Which is very true. And also very wrong. It’s technically true, because most bug reports don’t provide enough useful information for a developer to fix the bug, or even know what the bug might be. In most cases, a developer fixing a bug in a piece of software spends a lot more time trying to figure out what’s broken than actually fixing the problem, and it’s a long and tedious process which can involve spending time with the customer trying to understand what it is that they’re doing, and what exactly they mean when they say “it doesn’t work.”
But it’s very wrong, because the customer doesn’t care about any of those things. The customer sent you a check, and he expects the product to work. He doesn’t want to spend time talking to technical support, and he doesn’t want to read obscure error messages over the phone, and he has better things to do than spend any time trying to help us fix the product he paid good money for thinking that it was working fine, because that’s what we told him when we sold it to him.
And this is exactly why I like software that logs extensively – because it makes customers happy. How? Simple – now, if a customer sees a problem with our player, I see the problem, because the player tells me where the problem is. I don’t have to ask the customers and have them repeat their actions while describing them over the phone, because I have a log of their actions and everything that the player did in response to those actions. Typically, once I have the log it takes me a few minutes to figure out what went wrong and offer a workaround.
I was reminded of this a few weeks ago while on the conference call with our customer.
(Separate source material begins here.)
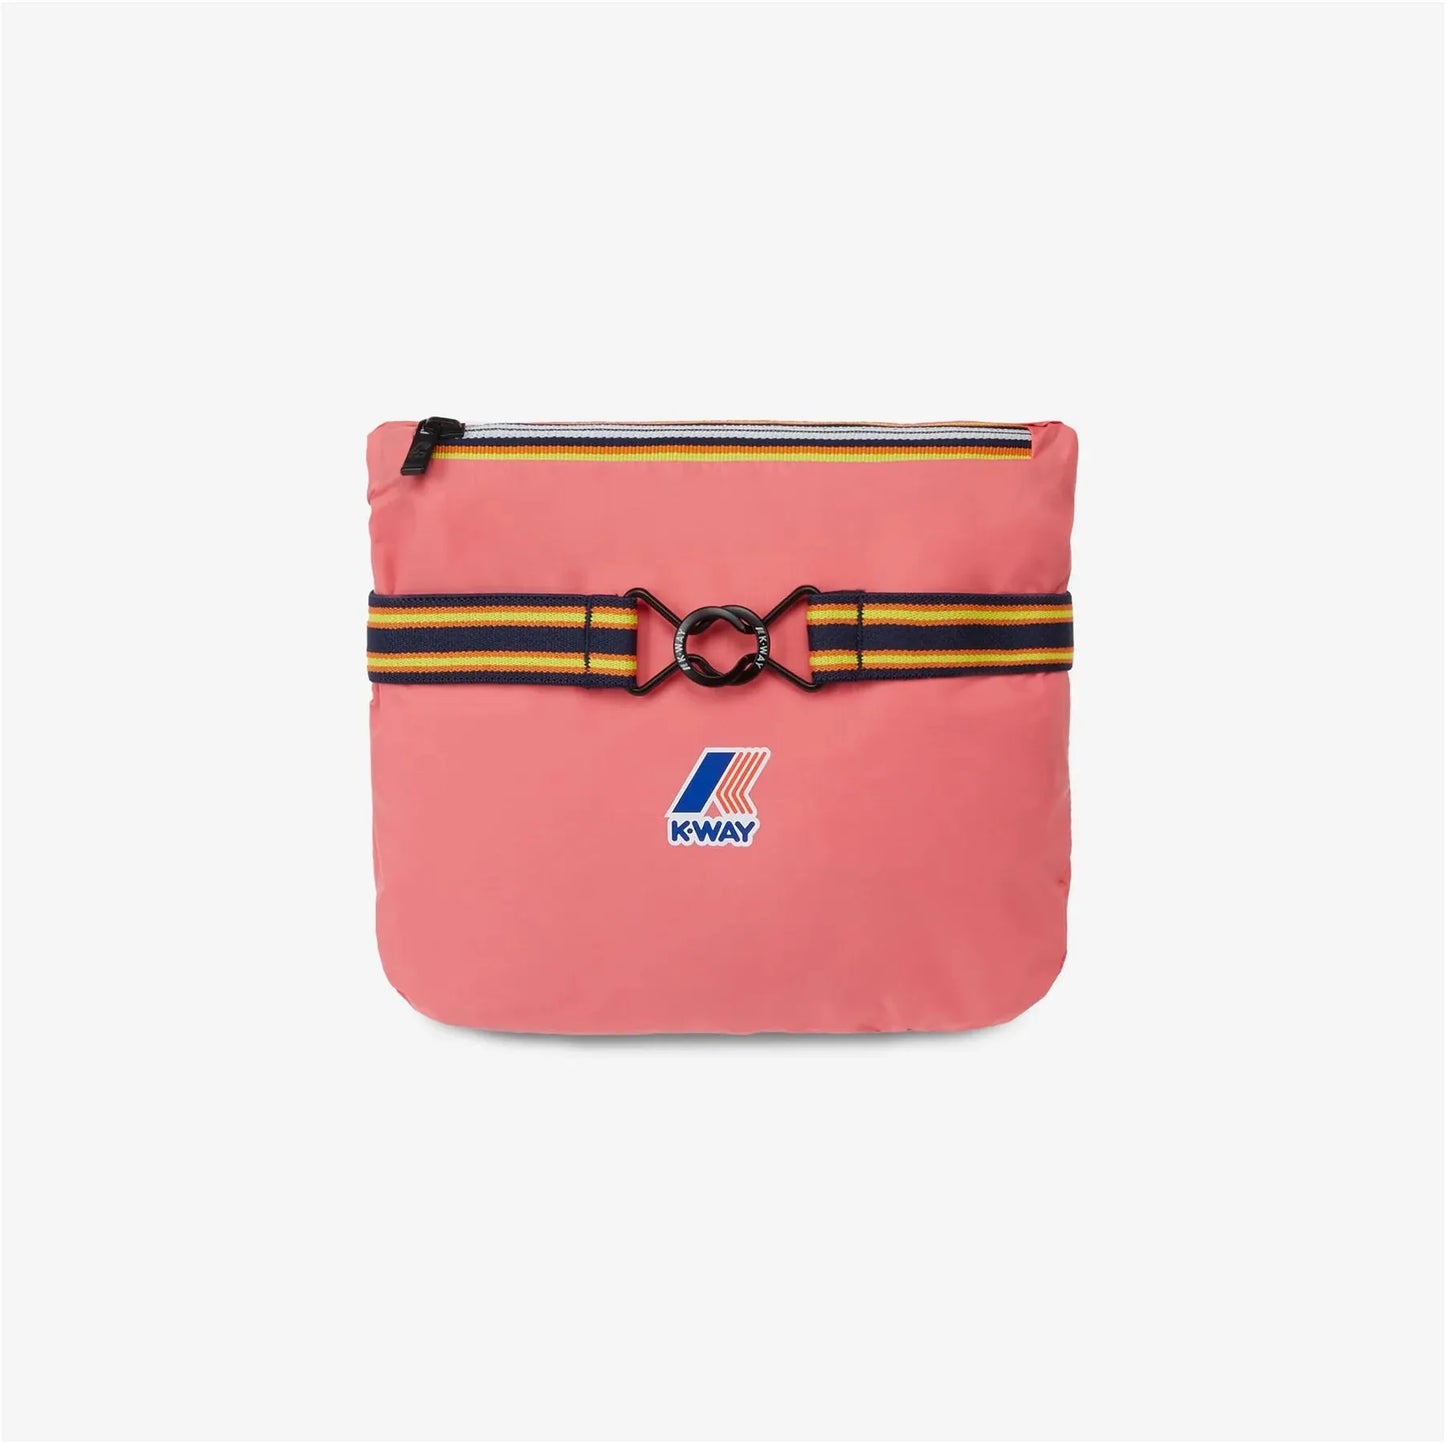 Le Vrai 3.0 Claude crossbody bag in Pink MD by K-Way, with a front logo, a yellow and blue stripe, and a metal clasp, crafted from breathable ripstop fabric, displayed on a plain white background.

I was getting ready to run some diagnostics on the customer’s PC when someone in the room suggested that we use the Big Red Button.
The Big Red Button is a feature in our application that submits an instant ticket report from the application itself. One of the things that the ticket report includes is a short summary of the player log. I helped implement that feature, but I completely forgot about it. Still, there it was, and in less than a minute I was looking right at the problem – the customer had a new firewall that was installed recently, right when our application started misbehaving, and the firewall’s response to our network messages appeared in the player log – the player was being blocked. We were able to offer a workaround on the spot, and to confirm that it works.
We didn’t implement that feature because it was cool. We implemented it because it’s 100% necessary to serving our customers, and to making sure that they’re happy. Our job isn’t done when we cash the customer’s check – it’s just beginning, and that’s exactly why what we do is called Managed Video As A Service.